12 Bad Habits Kids Learn From School and How to Stop Them
There's a lot your child is learning in school besides seemingly complicated math and advanced vocabulary. As your little one works on developing his or her independence and social skills, they're also forming new routines — some of which can be less than desirable. From staying up late for homework to becoming addicted to technology the second they come home, these are the 12 bad habits that kids form from going to school and what parents can do to stop them.
When kids aren't interested in what their teacher is saying, many let their minds wander. While occasional daydreaming isn't a bad thing, a lack of focus is a problem when it becomes more common than not and begins to impact your home time as well. Get your kiddo to focus inside and outside of the classroom by engaging in exercises that promote active listening skills and following directions.
Even if they aren't a picky eater, staying on a healthy diet a school can be hard thanks to sugary snack selections and less than ideal lunch options. When you add in packed schedules and easy access to delicious treats, making wise food decisions can feel nearly impossible. Instead of giving your child lunch or snack money, get them involved in packing their own lunches to teach them the importance of (and finding the fun in) making nutritious decisions.
Not Washing Hands
When you're not there to remind your child to wash his or hands after the bathroom, playing outside, or before eating, you might be surprised how quickly they completely forget about the sink entirely. Don't belittle or shame your child over concerns about this hygiene issue. Be clear about the importance of hand washing, when it is expected, also consider sending them to school with hand sanitizer to encourage disinfecting without necessarily having to break their busy routine to run to the bathroom.
Trying to Get Away With Texting — When They Should Be Listening to You
Just because kids aren't allowed to text in class doesn't mean they aren't. Thanks to their love of technology and instant connection, many often spend time mastering how to discreetly communicate in class when they should be paying attention. This new skill can be infuriating at home when you're trying to have an important discussion or engage in a family meal. Avoid the problem altogether by insisting on unplugged times when everyone has to leave their technology in the same spot while enjoying some in-person interactions.

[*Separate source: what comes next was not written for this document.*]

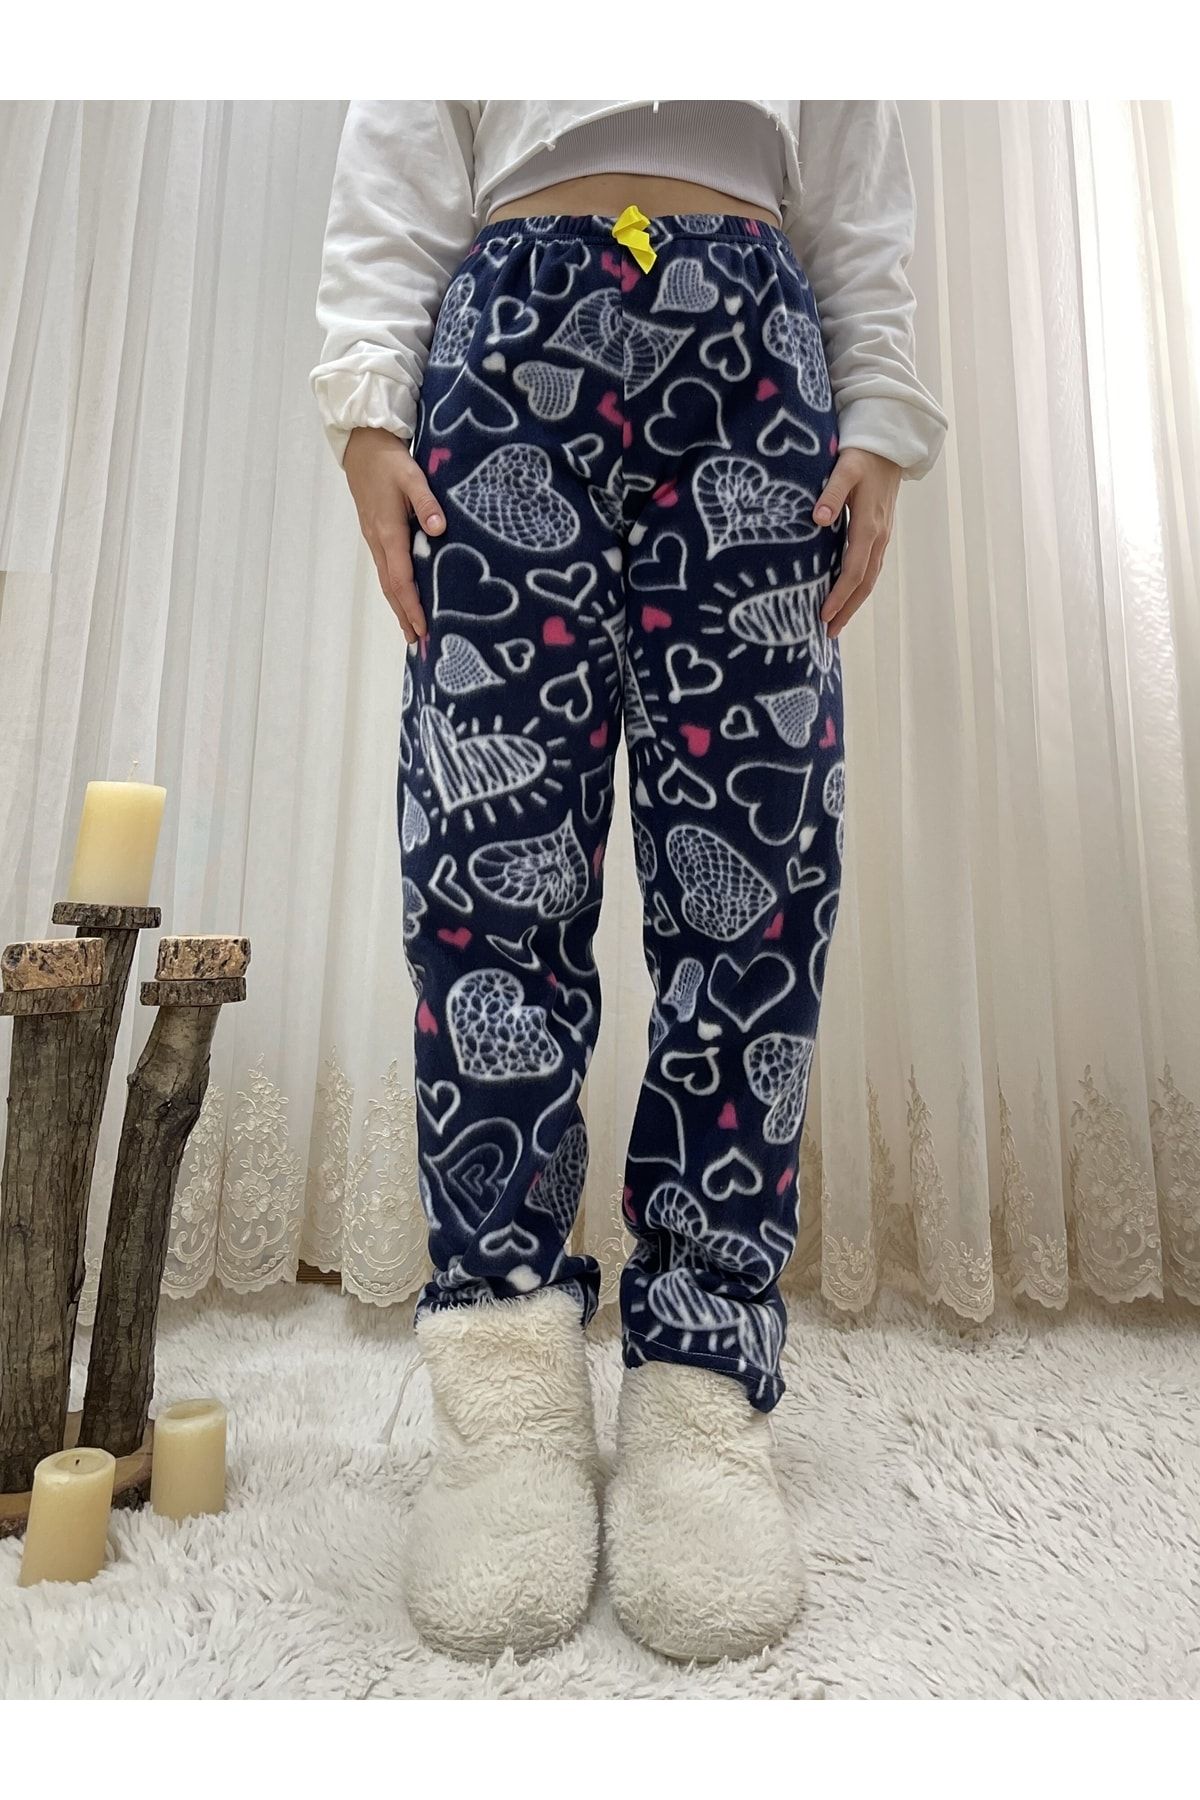 Betimoda White Big Heart Women's Fleece Pajama Bottoms Winter

While their friends might laugh and egg them on in school when they talk back to a teacher, there's nothing funny about this habit. If you hear or experience your child talking back, put an end to the cheeky responses by working to determine the cause of their outburst, being consistent with consequences for rude behavior, and being sure to focus praise on polite gestures.
Using Bad Language
Kids definitely have their own lingo and favorite words amongst groups of friends but when a bad word or rude expression makes the list, it's important to make it clear what's funny and what isn't. While a lot of the appeal to these words comes from the reaction from peers, kids also draw on the attention they receive from you. Curb their potty talk by explaining the meaning or inappropriateness of the word without overreacting and make sure that you're modeling an equally clean vocabulary.
Don't let classes and school work physically weigh your child down. Teach them how to pack their bags strategically at the end of the day to avoid bringing home any unnecessary weight. If the textbooks are always needed, consider starting a homework buddy system that is responsible for bringing the books and emailing copies of the assignments each week to avoid everyone carrying the weight each day.
While it might seem perfectly normal to make observations about someone, especially when discussed among friends, it's important for parents to teach their little ones the power of their words and just because a person isn't around to hear you doesn't mean that it's okay to say it. It's equally essential that your child understands that the intention behind his or her comments is just as important as the words they use — especially when talking about someone.
Leaving Kids Out
Even if your child is the sweetest kid you've ever met, it's possible they are some other child's "mean kid" without you even realizing. Oftentimes kids get swept up in friend groups and peer pressure and don't even realize that they are forming cliques — let alone the negative impact it could be having on another person. It's important to not only model inclusive behavior but to also always explain the importance of empathetic behaviors. While some kids are naturally more intuitive when it comes to how others are feeling, others need parents to guide them on how to recognize when they aren't being open to others.
After spending all day without the opportunity to watch whatever they want or use their technology, many kids go straight for the tablets, phones, computer, or TVs as soon as they get home. Put an end to this immediate need for technology by limiting screen time to certain hours so they don't rush to their devices immediately after walking through the door.
Completely Relying on You
Helicopter parents who get overly involved in their child's assignments unintentionally get their kid into the habit of taking less initiative in their schoolwork. They can also prompt them into feeling secure that they will have someone there to bail them out or do it for them. Break your child's dependence by taking a step back yourself and letting your child experience what happens if he or she forgets their assignment, doesn't take notes, or doesn't give themselves enough time to finish a project.
Pulling Late Nights
Just because your child isn't cramming for college finals doesn't mean the late nights haven't already begun — or won't soon. Prevent this after-hours homework cycle from forming early on by working together on time management skills even from a young age and getting into a healthy (and early) homework routine at the start of each school year.